The new owners of the Beaumont Hotel, Dan and Mary King, want to involve the community in plans to restore the property to its original prominence in Ouray. The Kings, principals of High Peak Resources, Inc., have been part time residents of Ouray for eight years and are committed to preserving this beautiful historic building that is such an integral part of Ouray's heritage and that will play such a key role in Ouray's future.
High Peak Resources, Inc. acquired the Beaumont Hotel and an adjacent two-story commercial building from the estate of Wayland Phillips in the Spring of 1998 in a sealed bid process which fascinated townspeople and garnered statewide attention. The auctioning company termed the Beaumont Hotel sale "one of the most exciting real estate opportunities in the San Juan Mountains." The century-plus-old Beaumont contains 39 hotel rooms, a rotunda with skylight, a cocktail lounge, a theatre, and a large dining room / ballroom.
Upon entering the lobby, the effect of the open, three story rotunda and grand staircase washed in natural light from the overhead skylight is stunning. The skylight being the same size as the rotunda, is one of the most beautiful features of the hotel.
The second floor is approached by a grand, solid oak stairway leading to a walkway around the rotunda, around which are grouped the guest rooms, dining room and ballroom.
Stepping into the dining room and ballroom with its twenty foot high ceilings it is easy to imagine being dressed in fine evening attire, with musicians high above the room in the orchestra gallery, and dancing beneath the thirteen foot high Roman windows.
When reading descriptions of the numerous social events held at the Beaumont Hotel, a person can easily imagine the Beaumont's past. In 1896, The Ouray Herald described a ball at the Beaumont given by Camp Bird Mine founder Thomas Walsh:
"The dining room was especially beautiful with festoons of bright smilax overhanging the massive banks of pink and white chrysanthemums and carnations. Various colored globes were supplied to the lights throwing a soft mellow glow over the many fair dancers who tripped the light fantastics until early hours
The gentlemen were attired in the faultless conventional evening dress while the ladies were perfection in attire composed of rich fabrics and adorned in profusion with brilliant diamonds and other precious stones all presenting a scene of rare beauty."
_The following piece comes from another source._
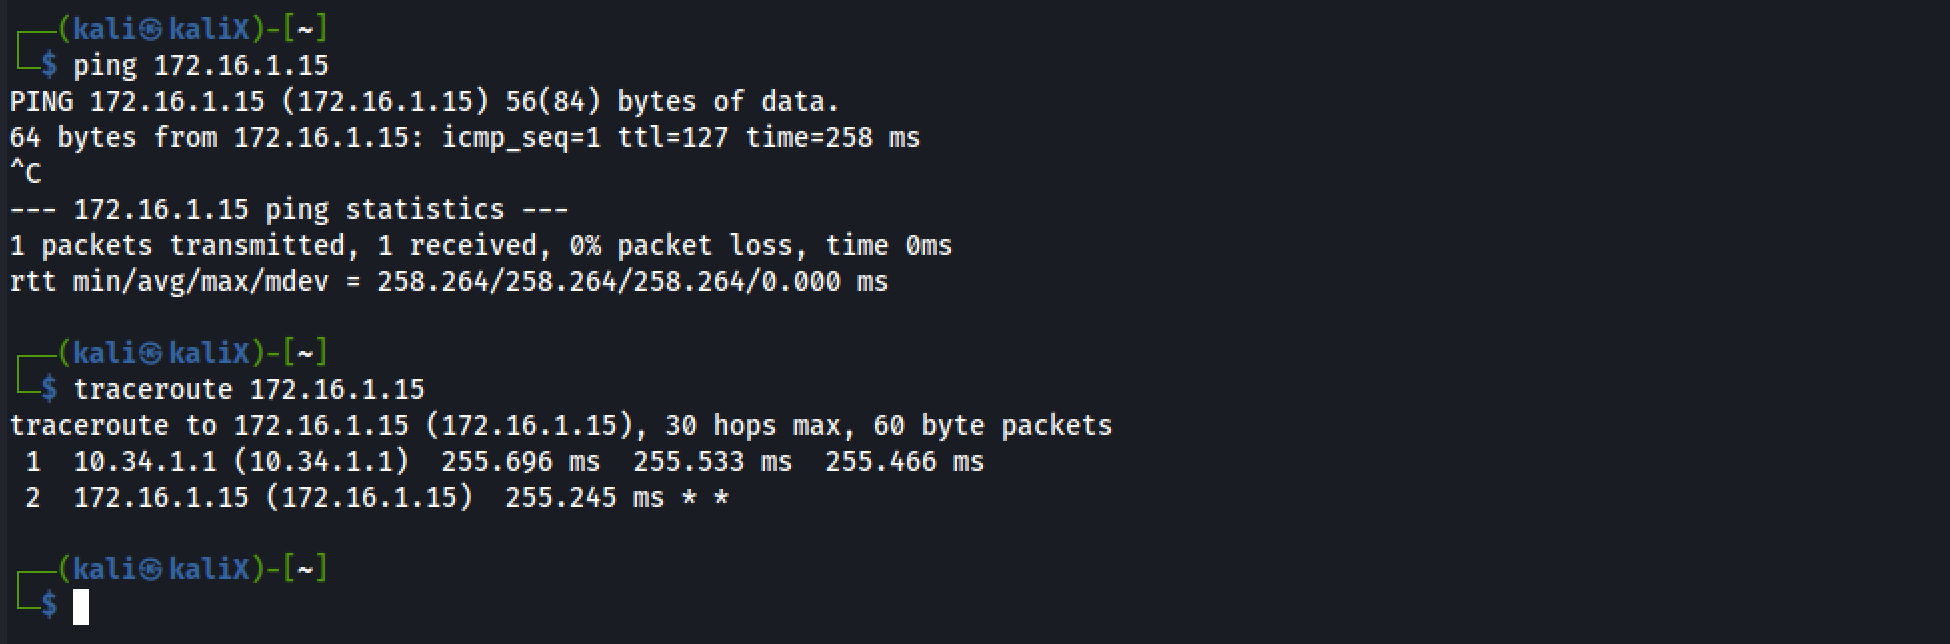 ping, traceroute
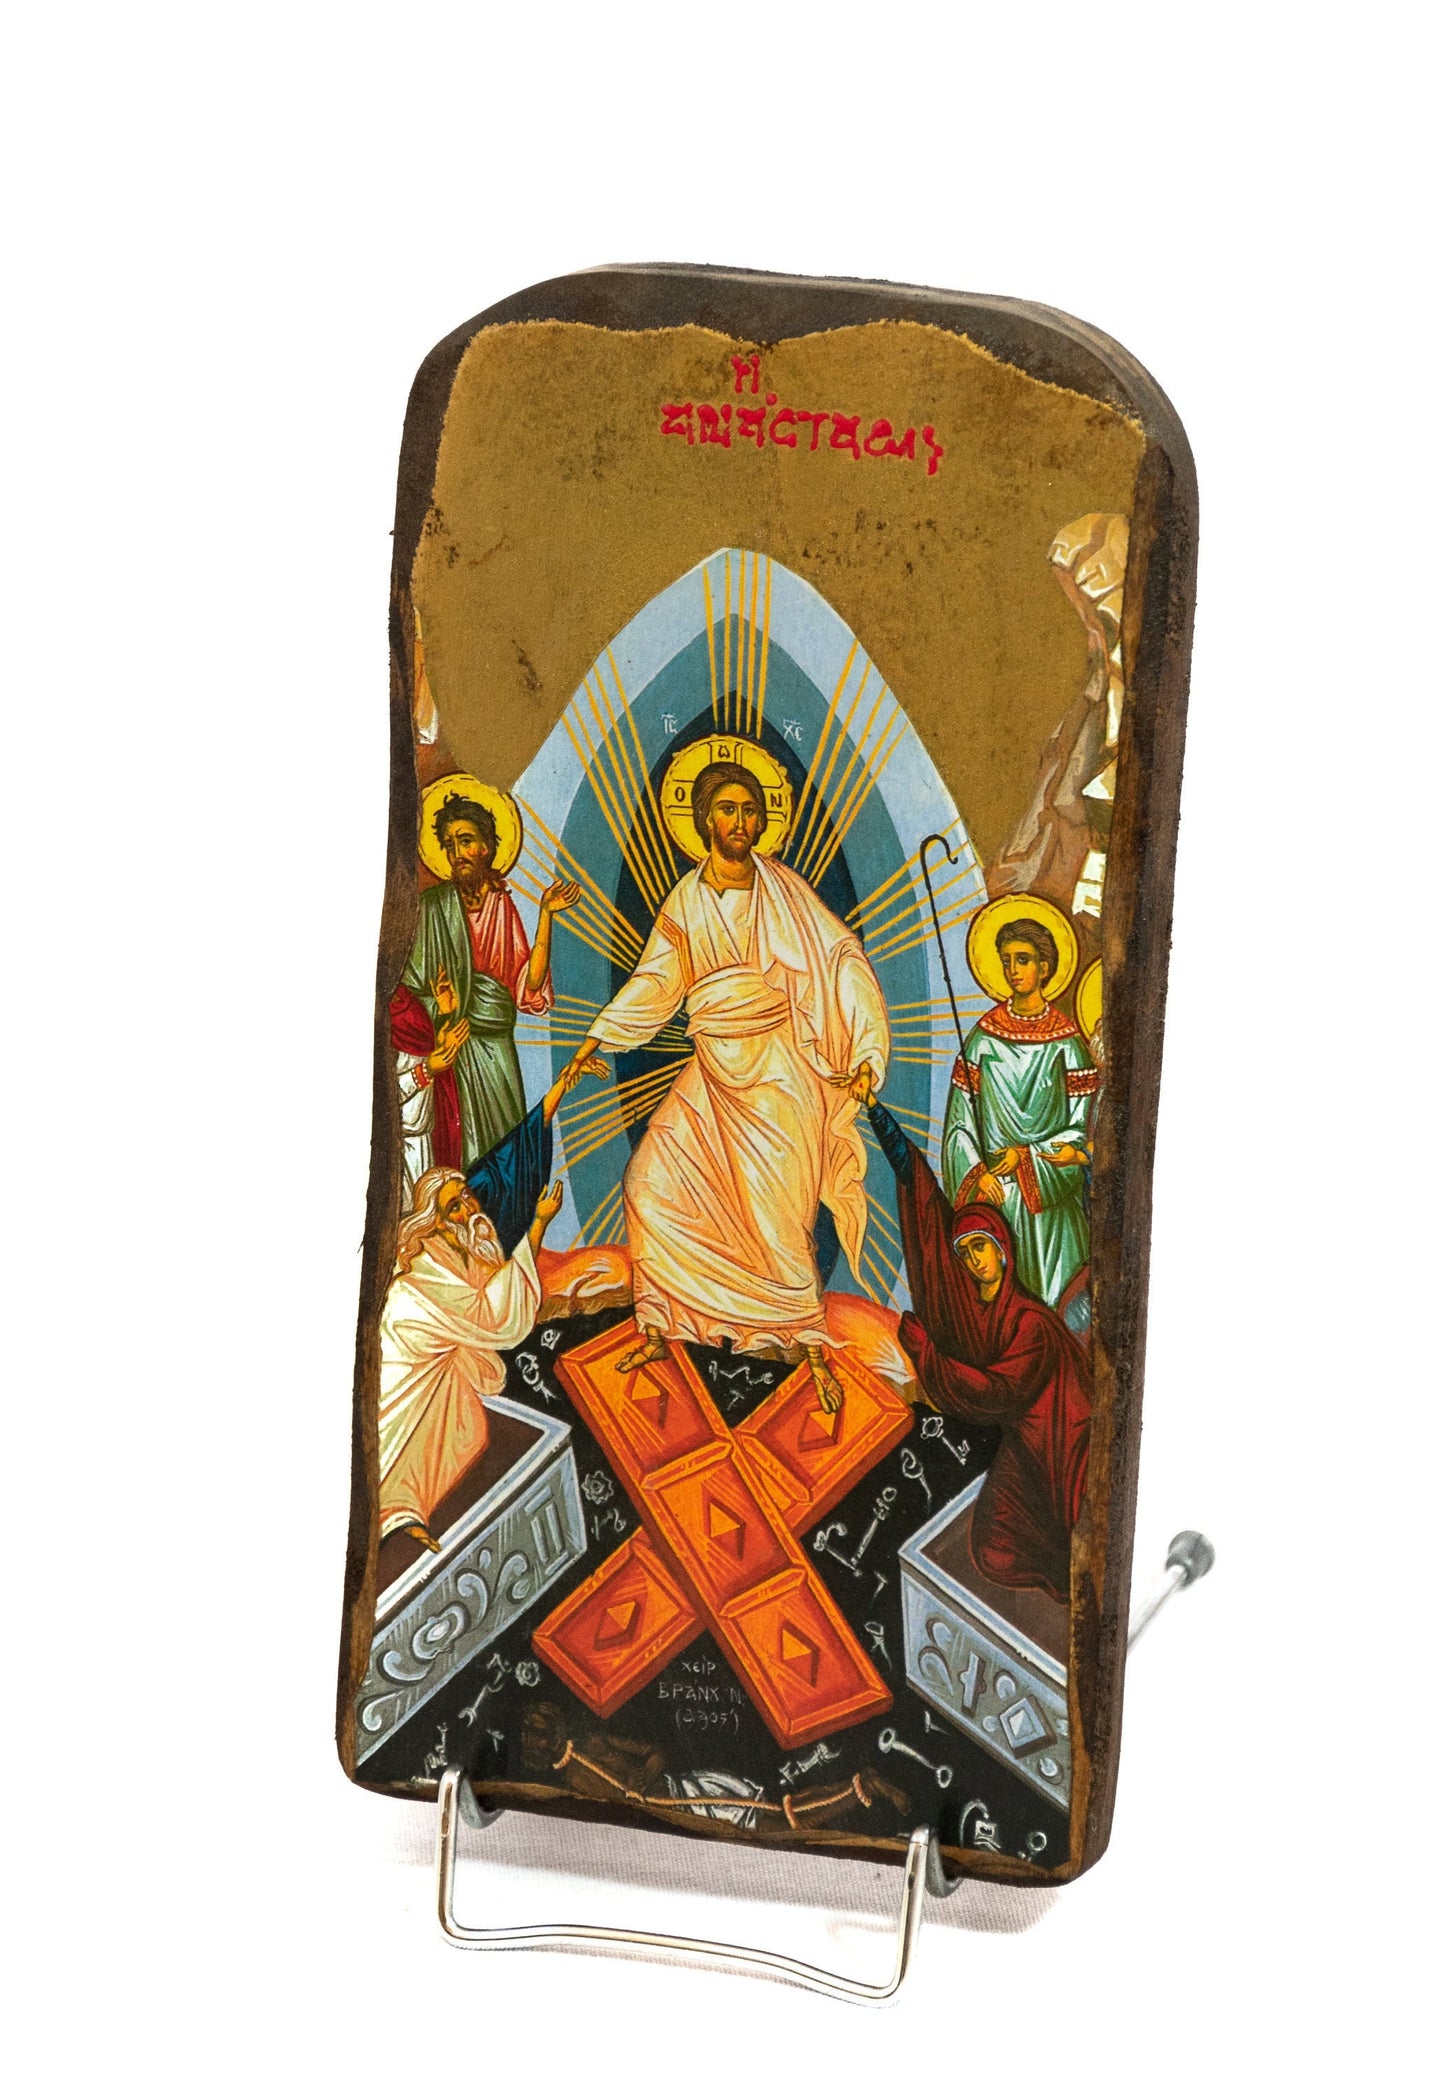 Resurrection Jesus Christ icon, Greek Christian Orthodox Icon of Anastasi, Byzantine icon of our Lord rising from the dead, religious gift TheHolyArt

Even today, sadly abandoned and neglected for over 30 years, there is
an energy about the building that one senses when looking into the deserted rooms.
The Kings don't see the Beaumont as an old decaying building. They see the Beaumont as a place full of memories past and yet to come. They plan to dust off the elegant lady and stand her up again to reopen a colorful page of Ouray's history.
Dr. Doris H. Gregory pondered the Beaumont's fate in her 1989 book, Ouray's Beaumont Hotel, A Century of Ouray's History:
"As tourists and the people of Ouray look at the Beaumont they ponder its future. Will the day come when it too will be brought back to life and restored so that today's children and later adults might again see and enjoy the beautiful Beaumont as it once was? ..the story of the Beaumont ends unfinished and only time will tell the final chapter."
The Kings are prepared to write the next chapter but planning, design, and construction will require time and patience. "The Beaumont's success will grow out of the King's vision of what is appropriate to the town as well as a responsiveness to the features that make this building great," says Nan Anderson, architect in charge of the Beaumont restoration. "We are delighted to be part of the team .we're already looking forward to a very exciting opening day."